Look at the following plot of brothers’ heights, again grouped into 5cm bins but with different bin boundaries:

Exercises#

  • What change in the code moved the bin boundaries?
  • What were the old bin boundaries? What are the new bin boundaries?
  • Edit the code so that the in boundaries are at 153,158,163 etc
sns.histplot(heightData["brother"],  bins = range(152,202,5), color='b')
plt.xlabel('brother\'s height') 
plt.ylabel('frequency')
Text(0, 0.5, 'frequency')
_images/07ecbbb29e9167fa2d011c93494e0d052e5a72d63c3c92cf4ced7a9e92afdaef.png

The shape of the distribution looks quite different!

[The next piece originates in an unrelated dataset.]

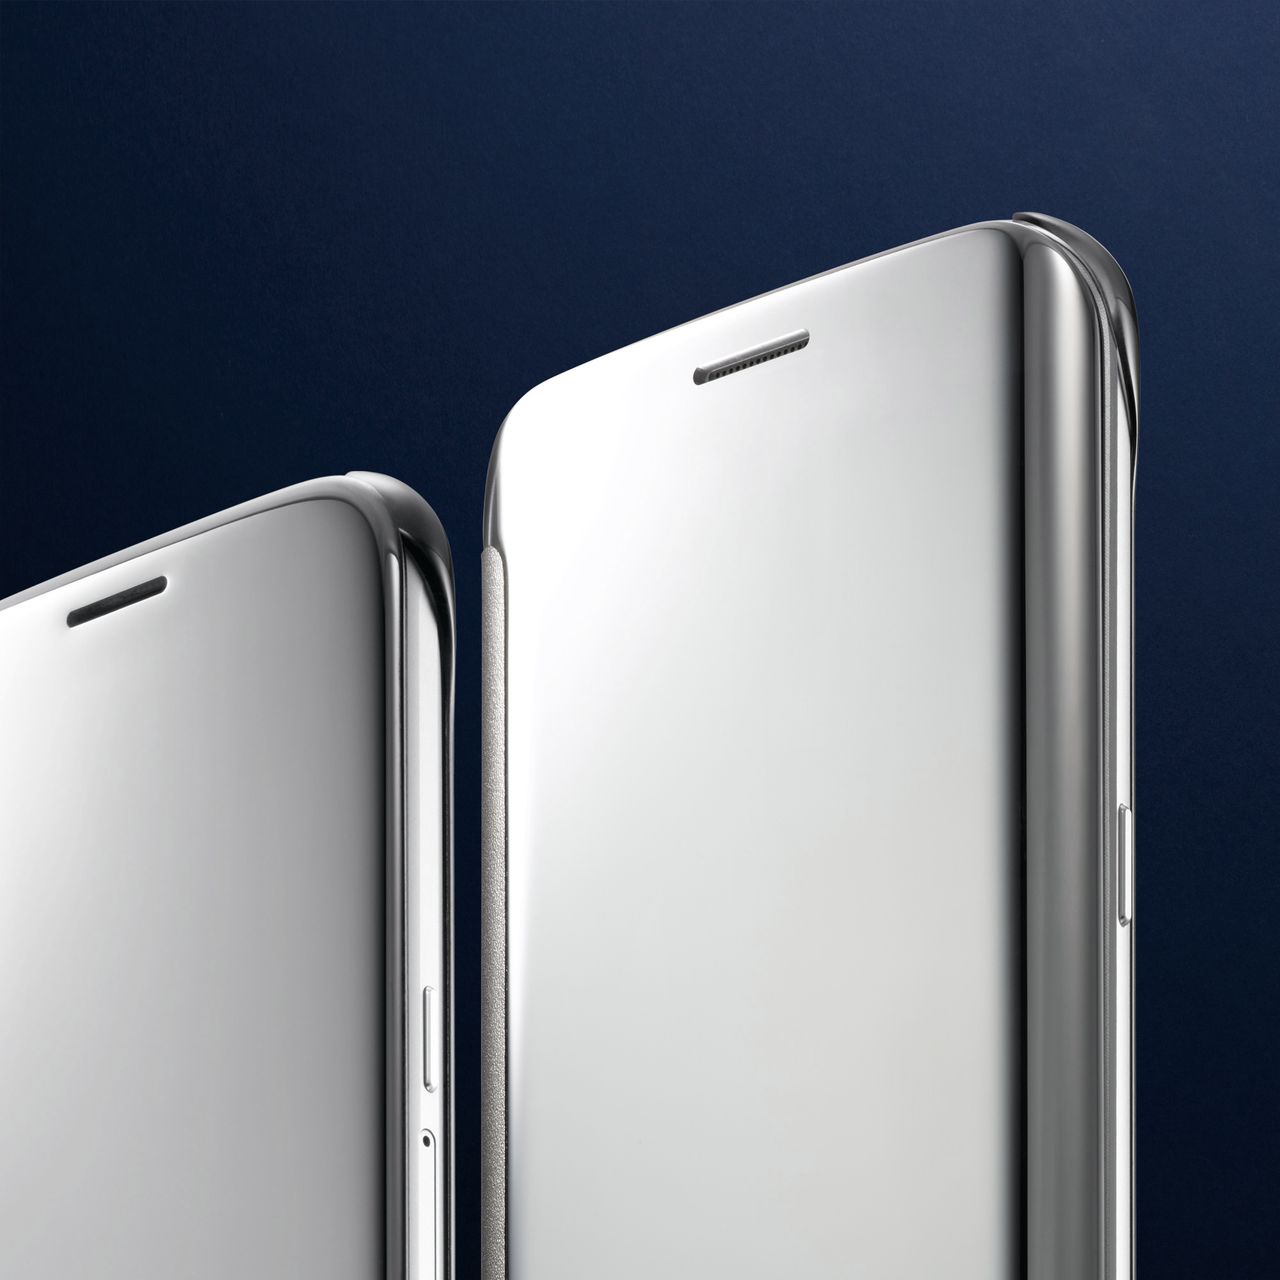 Galaxy Note 5 i Galaxy S6 edge+ na kolejnych zdjęciach. Jest i pudełko ze specyfikacją

We can see this more clearly if we plot both versions next to each other (this is achieved using the command subplot - we will revisit it later so don’t worry too much about that)

plt.subplot(1,2,1)
sns.histplot(heightData["brother"],  bins = range(150,200,5), color='b')
plt.xlabel('brother\'s height') 
plt.ylabel('frequency')
plt.ylim((0,10)) # this sets the y axis limits rather than letting the computer choose them automatically

plt.subplot(1,2,2)
sns.histplot(heightData["brother"],  bins = range(152,202,5), color='b') 
plt.xlabel('brother\'s height') 
plt.ylabel('frequency')
plt.ylim((0,10))

plt.subplots_adjust(wspace = 0.5) # shift the plots sideways so they don't overlap
_images/851b27921a82de8124344d24342f471660c1f4caa0da1985594c563344a3db30.png

Originally (left) the bin boundaries were at 150cm, 155cm, 160cm etc.

In the second histogram (right) the bin boundaries were at 152cm, 157cm, 162cm etc.

Moving the bin boundaries changed how many observations fell in each bin and thus the shape of the histogram. This can happen easily when you have a small number of observations in each bin (check the y-axis in the above histogram - you can see that moving just one observation makes a big difference to the height of the bars).

For this reason, a histogram may not be the best representation of the data for a small sample.

Exercises#

  • I added a line of code to set the y axis limits to be [0,10] - why do you think I did this?
  • Try removing or commenting it out and see how the two histograms change - is it easier to compare with fixed or automatic y-axis?